05_Case Study_Hacker Statistics

Case Study: Hacker Statistics
============Random float
Randomness has many uses in science, art, statistics, cryptography, 
gaming, gambling, and other fields. You're going to use randomness to 
simulate a game.

All the functionality you need is contained in the random package, a 
sub-package of numpy. In this exercise, you'll be using two functions from this package:

seed(): sets the random seed, so that your results are reproducible 
between simulations. As an argument, it takes an integer of your choosing. If you call the function, no output will be generated.
rand(): if you don't specify any arguments, it generates a random float 
between zero and one.

--Instructions

Import numpy as np.
Use seed() to set the seed; as an argument, pass 123.
Generate your first random float with rand() and print it out.

# Import numpy as np
import numpy as np

# Set the seed
np.random.seed(123)

# Generate and print random float
print(np.random.rand())

============Roll the dice
In the previous exercise, you used rand(), that generates a random float 
between 0 and 1.

As Hugo explained in the video you can just as well use randint(), also 
a function of the random package, to generate integers randomly. The 
following call generates the integer 4, 5, 6 or 7 randomly. 8 is not included.

import numpy as np
np.random.randint(4, 8)
NumPy has already been imported as np and a seed has been set. Can you 
roll some dice?

--Instructions
Use randint() with the appropriate arguments to randomly generate the 
integer 1, 2, 3, 4, 5 or 6. This simulates a dice. Print it out.
Repeat the outcome to see if the second throw is different. Again, 
print out the result.

# Import numpy and set seed
import numpy as np
np.random.seed(123)

# Use randint() to simulate a dice
random = np.random.randint(1,7)
print(random)

# Use randint() again
random = np.random.randint(1,7)
print(random)

============Determine your next move
In the Empire State Building bet, your next move depends on the number 
of eyes you throw with the dice. We can perfectly code this with an 
if-elif-else construct!

The sample code assumes that you're currently at step 50. Can you fill 
in the missing pieces to finish the script? numpy is already imported as 
np and the seed has been set to 123, so you don't have to worry about 
that anymore.


Instructions

Roll the dice. Use randint() to create the variable dice.
Finish the if-elif-else construct by replacing ___:
If dice is 1 or 2, you go one step down.
if dice is 3, 4 or 5, you go one step up.
Else, you throw the dice again. The number of eyes is the number of 
steps you go up.
Print out dice and step. Given the value of dice, was step updated 
correctly?

# NumPy is imported, seed is set

# Starting step
step = 50

# Roll the dice
dice = np.random.randint(1,7)

# Finish the control construct
if dice <= 2 :
    step = step - 1
elif dice <=5 :
    step = step + 1
else :
    step = step + np.random.randint(1,7)

# Print out dice and step
print(dice)
print(step)
=================The next step
Before, you have already written Python code that determines the next 
step based on the previous step. Now it's time to put this code inside 
a for loop so that we can simulate a random walk.


--Instructions

Make a list random_walk that contains the first step, which is the 
integer 0.
Finish the for loop:
The loop should run 100 times.
On each iteration, set step equal to the last element in the 
random_walk list. You can use the index -1 for this.
Next, let the if-elif-else construct update step for you.
The code that appends step to random_walk is already coded.
Print out random_walk.

# NumPy is imported, seed is set

# Initialize random_walk
random_walk = [0]

# Complete the ___
for x in range(100) :
    # Set step: last element in random_walk
    step = random_walk[-1]

    # Roll the dice
    dice = np.random.randint(1,7)

    # Determine next step
    if dice <= 2:
        step = step - 1
    elif dice <= 5:
        step = step + 1
    else:
        step = step + np.random.randint(1,7)

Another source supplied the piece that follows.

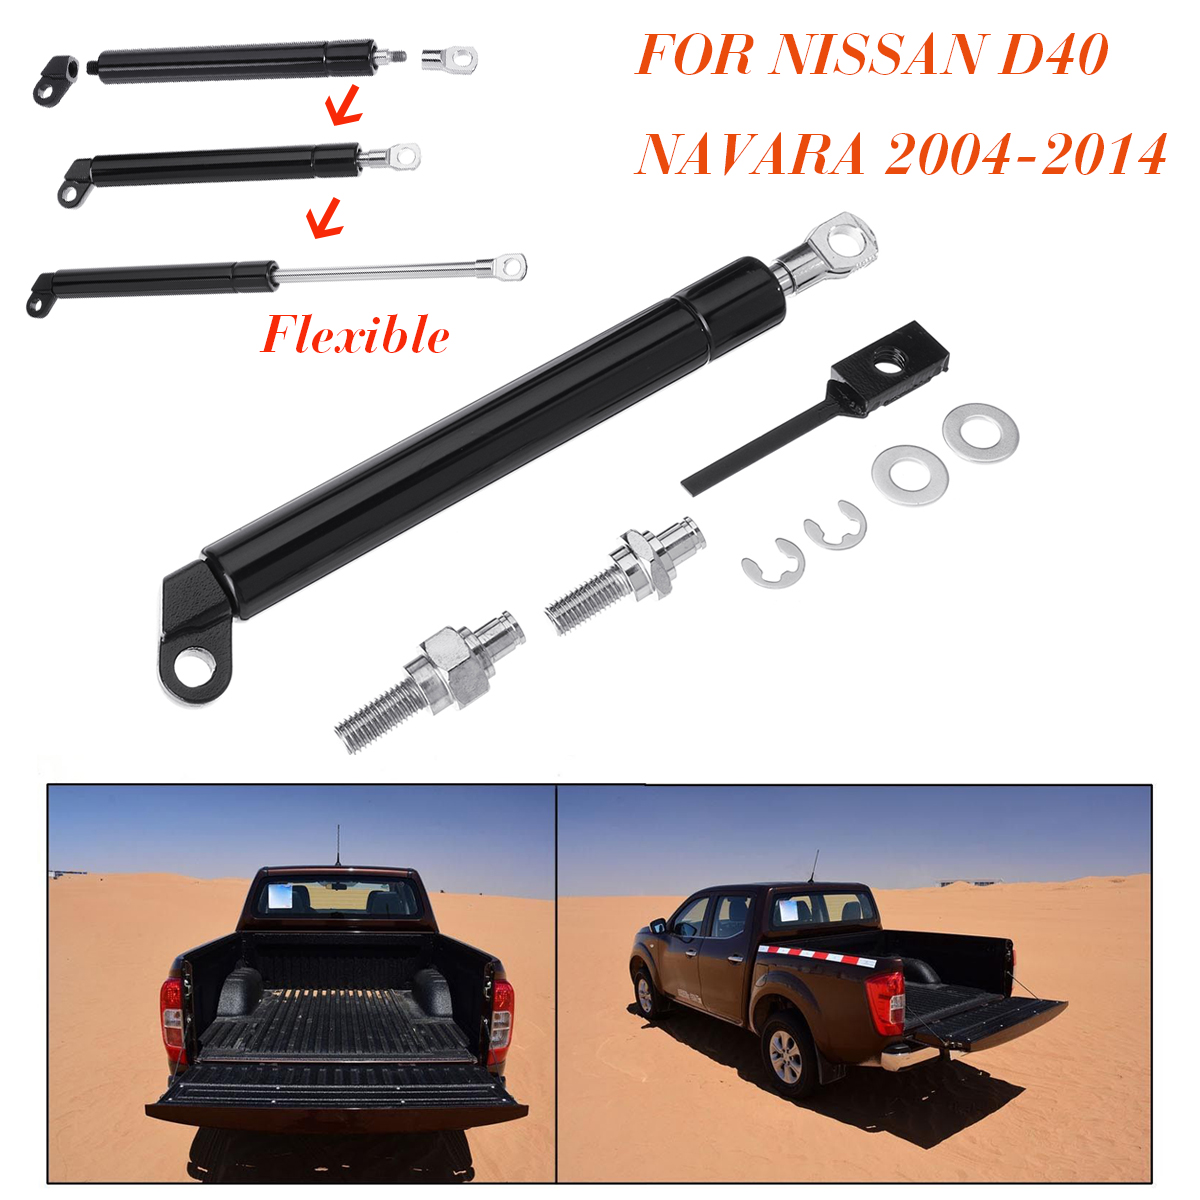 Para Nissan D40 Navara 2004-2014 portón trasero puerta trasera amortiguador de gas apoyo para maletero

    # append next_step to random_walk
    random_walk.append(step)

# Print random_walk
print(random_walk)
=================How low can you go?
Things are shaping up nicely! You already have code that calculates 
your location in the Empire State Building after 100 dice throws. 
However, there's something we haven't thought about - you can't go 
below 0!

A typical way to solve problems like this is by using max(). If you 
pass max() two arguments, the biggest one gets returned. For example, 
to make sure that a variable x never goes below 10 when you decrease 
it, you can use:

x = max(10, x - 1)
Instructions

Use max() in a similar way to make sure that step doesn't go below 
zero if dice <= 2.
Hit Submit Answer and check the contents of random_walk.

# NumPy is imported, seed is set

# Initialize random_walk
random_walk = [0]

for x in range(100) :
    step = random_walk[-1]
    dice = np.random.randint(1,7)

    if dice <= 2:
        # Replace below: use max to make sure step can't go below 0
        step = max(0, step - 1)
    elif dice <= 5:
        step = step + 1
    else:
        step = step + np.random.randint(1,7)

    random_walk.append(step)

print(random_walk)
==================Visualize the walk
Let's visualize this random walk! Remember how you could use 
matplotlib to build a line plot?

import matplotlib.pyplot as plt
plt.plot(x, y)
plt.show()
The first list you pass is mapped onto the x axis and the second list 
is mapped onto the y axis.

If you pass only one argument, Python will know what to do and will 
use the index of the list to map onto the x axis, and the values in 
the list onto the y axis.

Instructions
70 XP
Instructions
70 XP
Add some lines of code after the for loop:

Import matplotlib.pyplot as plt.
Use plt.plot() to plot random_walk.
Finish off with plt.show() to actually display the plot.

# NumPy is imported, seed is set

# Initialization
random_walk = [0]

for x in range(100) :
    step = random_walk[-1]
    dice = np.random.randint(1,7)

    if dice <= 2:
        step = max(0, step - 1)
    elif dice <= 5:
        step = step + 1
    else:
        step = step + np.random.randint(1,7)

    random_walk.append(step)

# Import matplotlib.pyplot as plt
import matplotlib.pyplot as plt

# Plot random_walk
plt.plot(random_walk)

# Show the plot
plt.show()
===============Simulate multiple walks
A single random walk is one thing, but that doesn't tell you if you 
have a good chance at winning the bet.

To get an idea about how big your chances are of reaching 60 steps, 
you can repeatedly simulate the random walk and collect the results. 
That's exactly what you'll do in this exercise.

The sample code already sets you off in the right direction. Another 
for loop is wrapped around the code you already wrote. It's up to you 
to add some bits and pieces to make sure all of the results are 
recorded correctly.

Note: Don't change anything about the initialization of all_walks 
that is given. Setting any number inside the list will cause the 
exercise to crash!

Instructions

Fill in the specification of the for loop so that the random walk is 
simulated 10 times.
After the random_walk array is entirely populated, append the array 
to the all_walks list.
Finally, after the top-level for loop, print out all_walks.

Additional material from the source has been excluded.